Я, мой муж и наши два отечества - стр. 23
Больничка, где меня лечили от заикания, небольшое здание в два этажа, находилась во Всехсвятском, недалеко от храма. В палате полутьма, мягкий зеленый свет, ласковые нянечки и красивая, в белом тетя учит нас петь. И мы, несколько девочек, вслед за ней поем песенки, а потом пропеваем слова, пропеваем целые предложения. И так день за днем: поем, поем, говорим нараспев… К нам в палату никто не приходит, только передачки передают. Но вот однажды нянечка мне сказала посмотреть в окно. Там внизу стояла Бабушка, махала мне рукой. Нянечка мне сказала, что я скоро пойду домой.

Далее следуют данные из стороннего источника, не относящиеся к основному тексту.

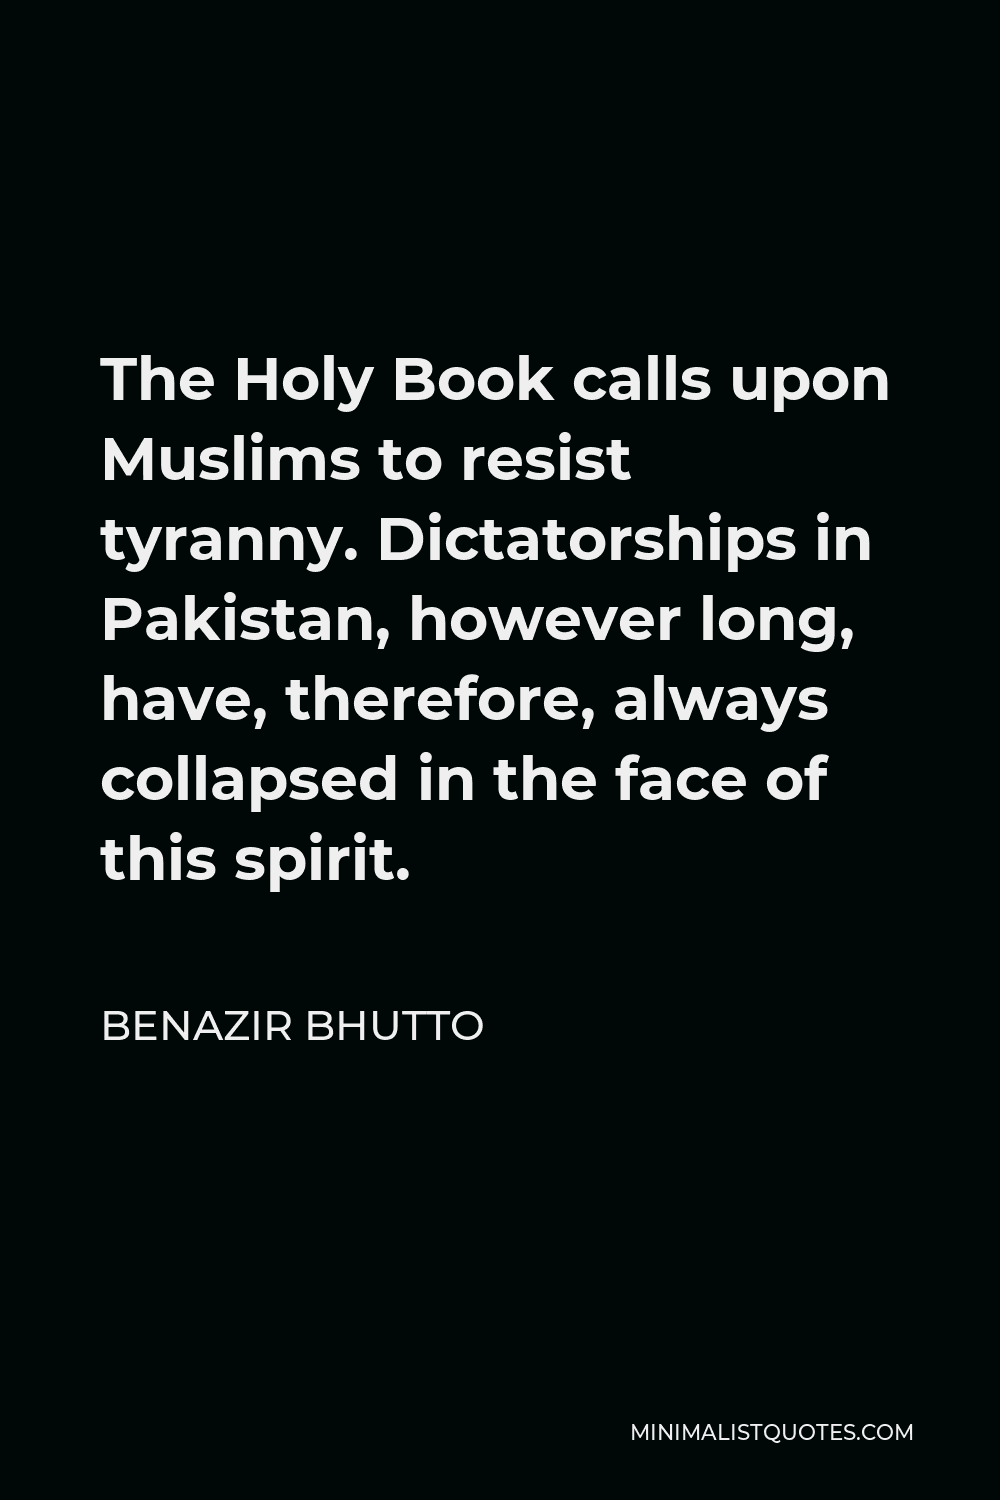 Benazir Bhutto Quote - The Holy Book calls upon Muslims to resist tyranny. Dictatorships in Pakistan, however long, have, therefore, always collapsed in the face of this spirit.

А дома встретили меня дядя Владик и Тетя Тася и, ничего не говоря, повели в свою комнатку. А там, рядом с их широкой кроватью, стояла бельевая корзина на колесиках, и в ней два белых свертка. Один из них вдруг зашевелился и запищал. И мне сказали, что не корзина это, а детская коляска, а в ней две мои сестрички, ужасно похожие друг на друга, Ирочка и Леночка. Мне позволяли с ними гулять по нашему двору, и я катала коляску по всем тропинкам, что были меж сосен. Сестренки мои хорошо росли и уже пытались садиться. И были очень красивые: глазки голубенькие, бровки почти черные, щечки розовые, ротики, носики – все такое, будто у царевен. «Скоро на ножки поднимутся, ходить начнут», – говорили няня и Бабушка. Я, однако, их на ножках уже не видела: их отвезли в Калугу. Тетя Тася уехала тоже, а дядя Владик в Калугу часто ездил, но жил в Покровском-Стрешневе, потому что учился в аспирантуре. А потом началась война…
Эля с мамой в Покровском-Стрешневе, 1940 г.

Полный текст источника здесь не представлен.